Big Tips : Computational complexity of SVM

When using SVM for classification, it is actually two completely different processes of training and classification, so the discussion of complexity cannot be generalized. What we are talking about here is mainly the complexity of the training phase, that is, the complexity of solving the quadratic programming problem. Spend. The solution to this problem is basically divided into two parts, the analytical solution and the numerical solution.

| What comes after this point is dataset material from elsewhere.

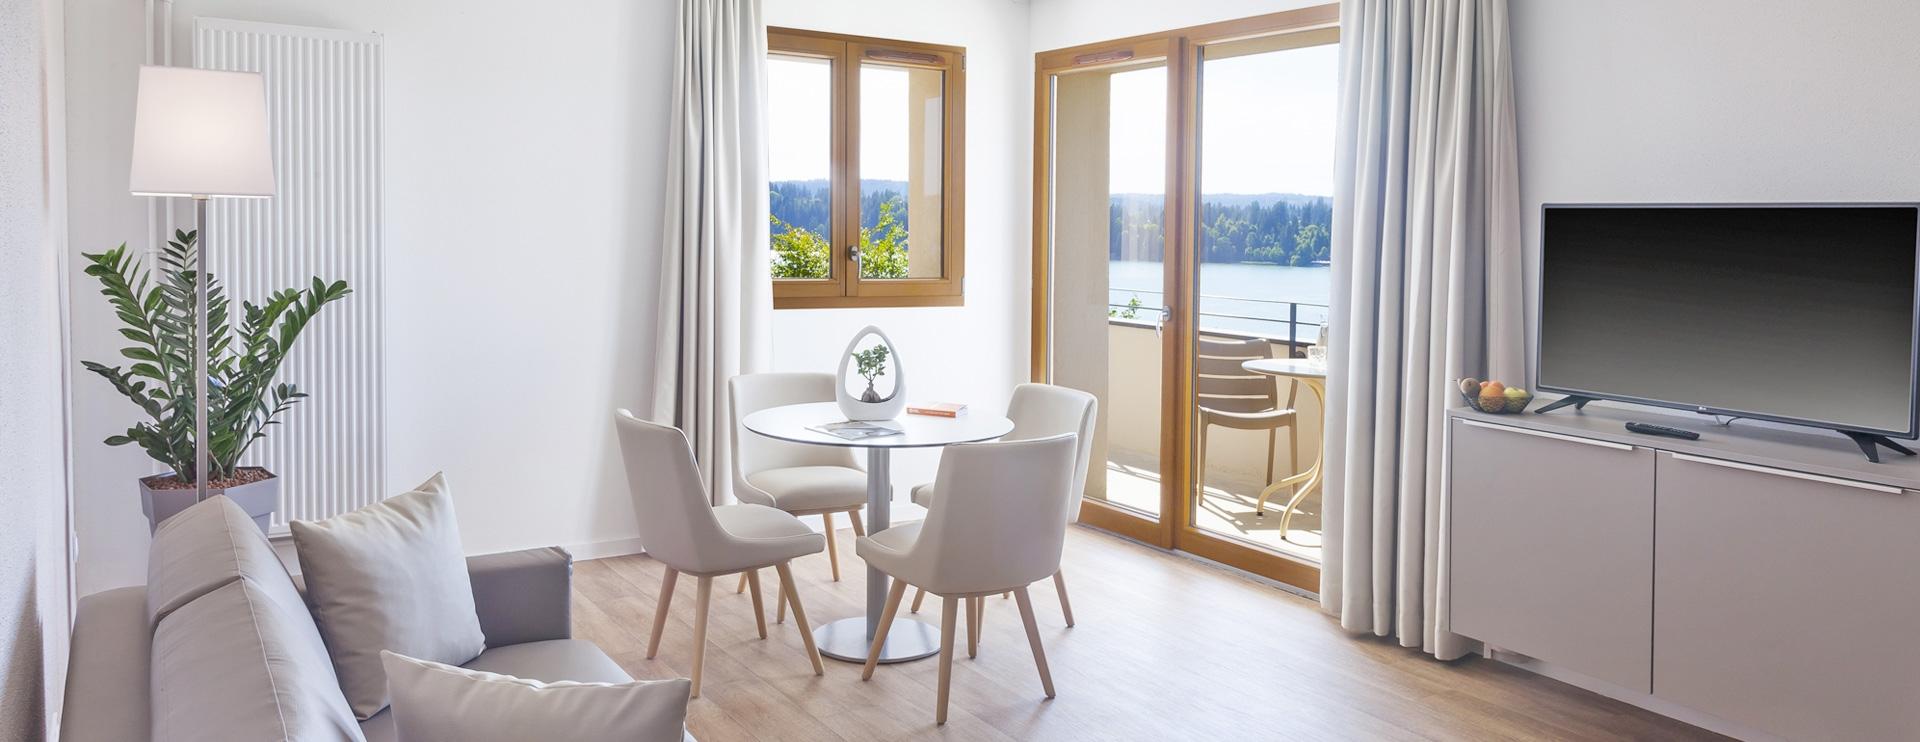 Suite appartement hôtel spa Franche-Comté Les Rives Sauvages
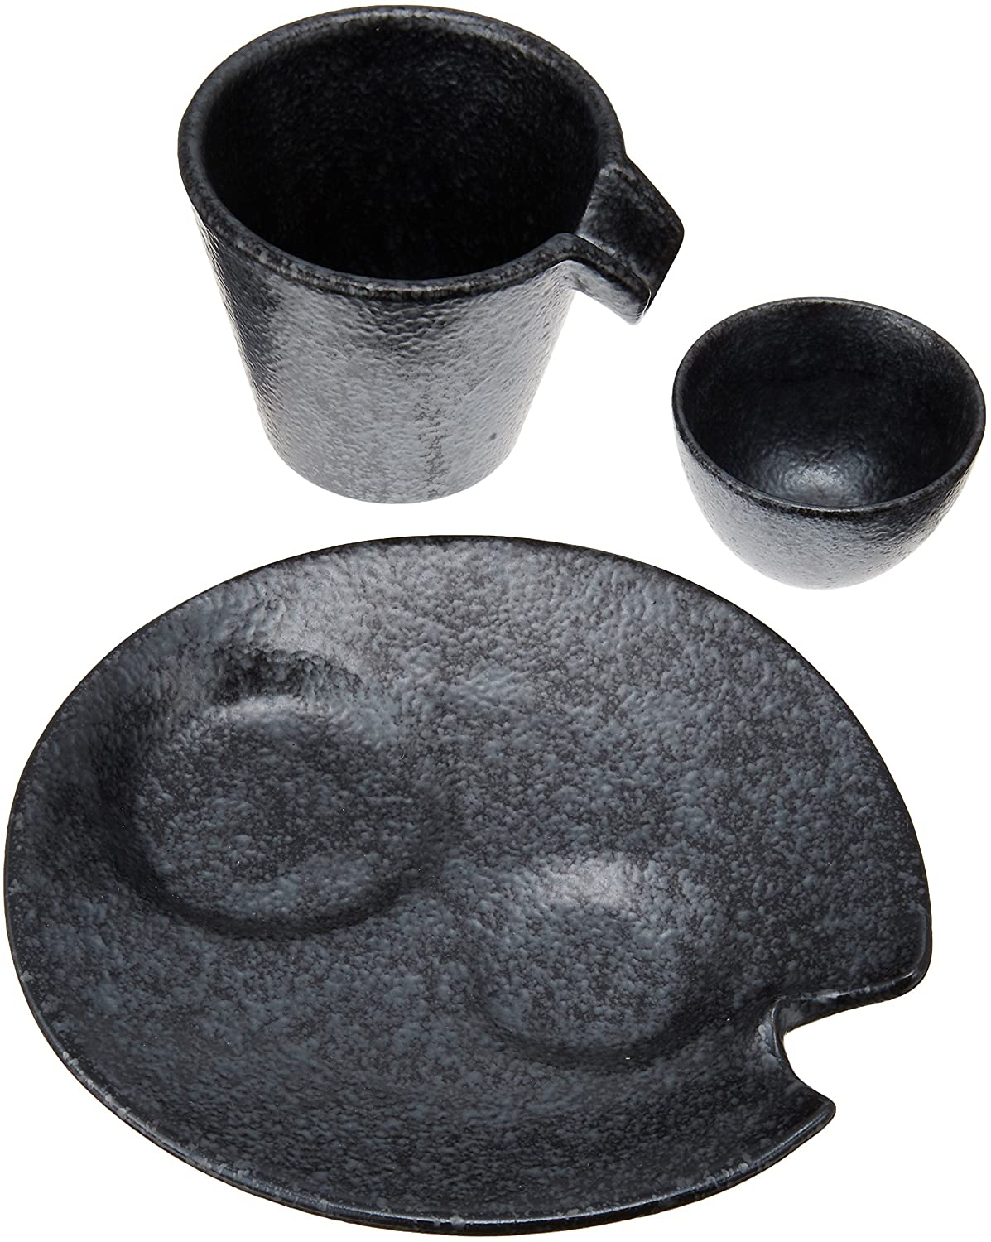 ale-net(エールネット)銀黒しずる冷酒器セットの商品画像2

Analytical solution is a theoretical solution. Its form is an expression, so it is accurate. As long as a problem has a solution (what else is involved in a problem without a solution, haha), its analytical solution must exist. . Of course, existence is one thing, and being able to solve it, or being able to solve it within an acceptable time frame, is another. For SVM, the worst time complexity of obtaining an analytical solution can reach O(N sv 3 ), where N sv is the number of support vectors, and although there is no fixed ratio, the number of support vectors is also the same as depends on the size of the training set.

Numerical solutions are solutions that can be used, which are numbers one by one, and are often approximate solutions. The process of finding a numerical solution is very similar to the exhaustive method. Start with a number and try it out when the solution does not meet a certain condition (called the stop condition, that is, after this is satisfied, the solution is considered to be accurate enough, and there is no need to continue the calculation. ), then try the next one. Of course, the next number is not randomly selected, and there are certain rules and regulations to follow. Some algorithms only try one number at a time, while others try more than one, and the methods for finding the next number (or the next group of numbers) are also different, the stopping conditions are also different, and the final solution accuracy is also different. Different from each other, it can be seen that the discussion of the complexity of finding numerical solutions cannot be separated from specific algorithms.

A specific algorithm, the Bunch-Kaufman training algorithm, has a typical time complexity between O(N sv 3 +LN sv 2 +dLN sv ) and O(dL 2 ), where N sv is the number of support vectors, L is the number of training set samples, and d is the dimension of each sample (the original dimension, the dimension before mapping to the high-dimensional space). The complexity will change because it is not only related to the scale of the input problem (not only related to the number of samples and dimensions), but also related to the final solution of the problem (that is, related to the support vector). If the support vector is relatively small, the process will Much faster, if there are many support vectors, close to the number of samples, it will produce a very bad result of O(dL 2 ). , huh, and this input scale is too normal for text classification).

So looking back, it becomes clear why the one-to-one method, despite having a larger number of two-class classifiers to train, actually takes less time than the pair-rest method, which considers all samples per training (It's just that different parts are divided into positive or negative classes each time ) , which is naturally much slower.